I'm implementing some search algorithm using numpy
where one step is to check weather a vector is in a matrix (as row). I used to use np.isin
before, but I suddenly become curious will the python keyword in
work. I therefore tested it and find it do works.
Since I didn't find any python interface for in
(like __add__
for +
or __abs__
for abs
), I believe in
is hard-wired in python by using standard iterator logic, therefore it should be slower compared to the numpy
-provided np.isin
. But after I did some testing, unbelievably:
>>> a = np.int8(1)
>>> A = np.zeros(2**24, 'b')
>>> %timeit a in A
>>> %timeit np.isin(a, A)
21.7 ms ± 1.58 ms per loop (mean ± std. dev. of 7 runs, 10 loops each)

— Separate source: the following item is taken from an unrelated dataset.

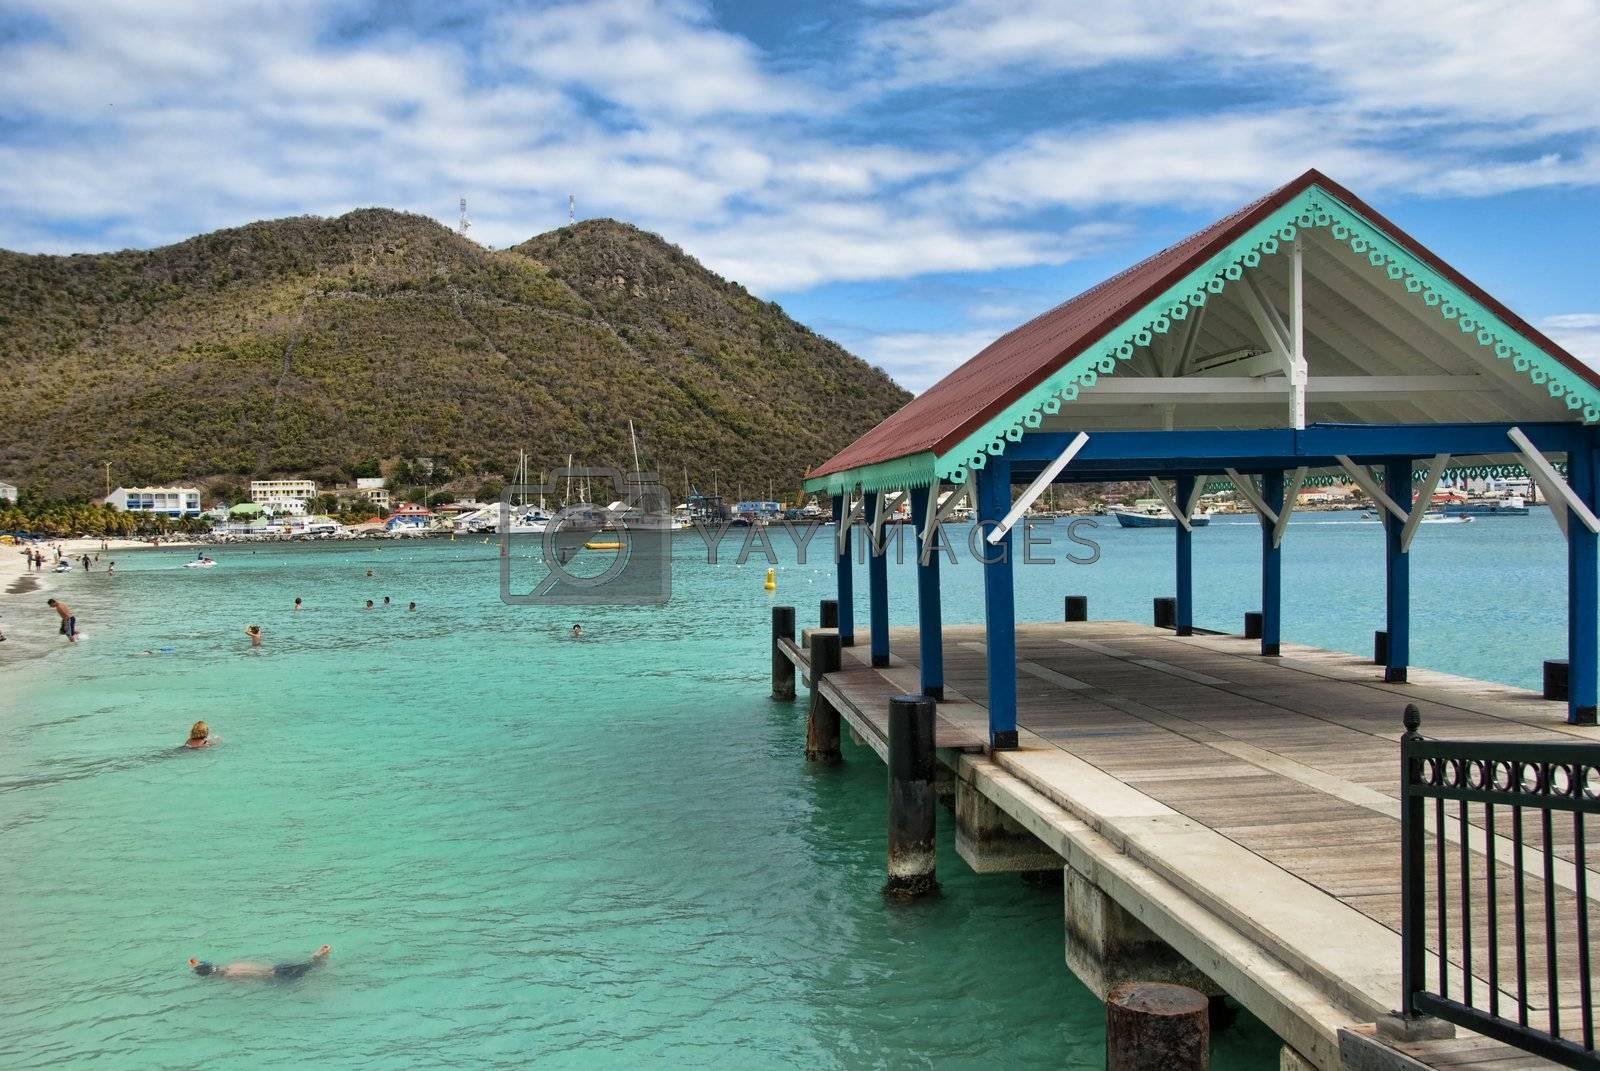 Coast in Saint Maarten Island, Dutch Antilles by jovannig

310 ms ± 20.4 ms per loop (mean ± std. dev. of 7 runs, 1 loop each)
which sais np.isin
is 10+ times slower than python in
for small data type. I also did a test for big data type
>>> a = np.ones(1, 'V256')
>>> A = np.zeros(2**22, 'V256')
>>> %timeit a in A
>>> %timeit np.isin(a, A)
129 ms ± 12.2 ms per loop (mean ± std. dev. of 7 runs, 1 loop each)
10.5 s ± 184 ms per loop (mean ± std. dev. of 7 runs, 1 loop each)
which sais np.isin
is ~100 times slower.
I'm wondering what could be the reason for this. Note since a=1
while A=[0,0,...]
, the match will have to be done on the whole array. There's no such thing as "early exit" on python side.
EDIT Oh actually there is python interface for in
called __contains__
. But still why would np.isin
be way slower than np.ndarray.__contains__
?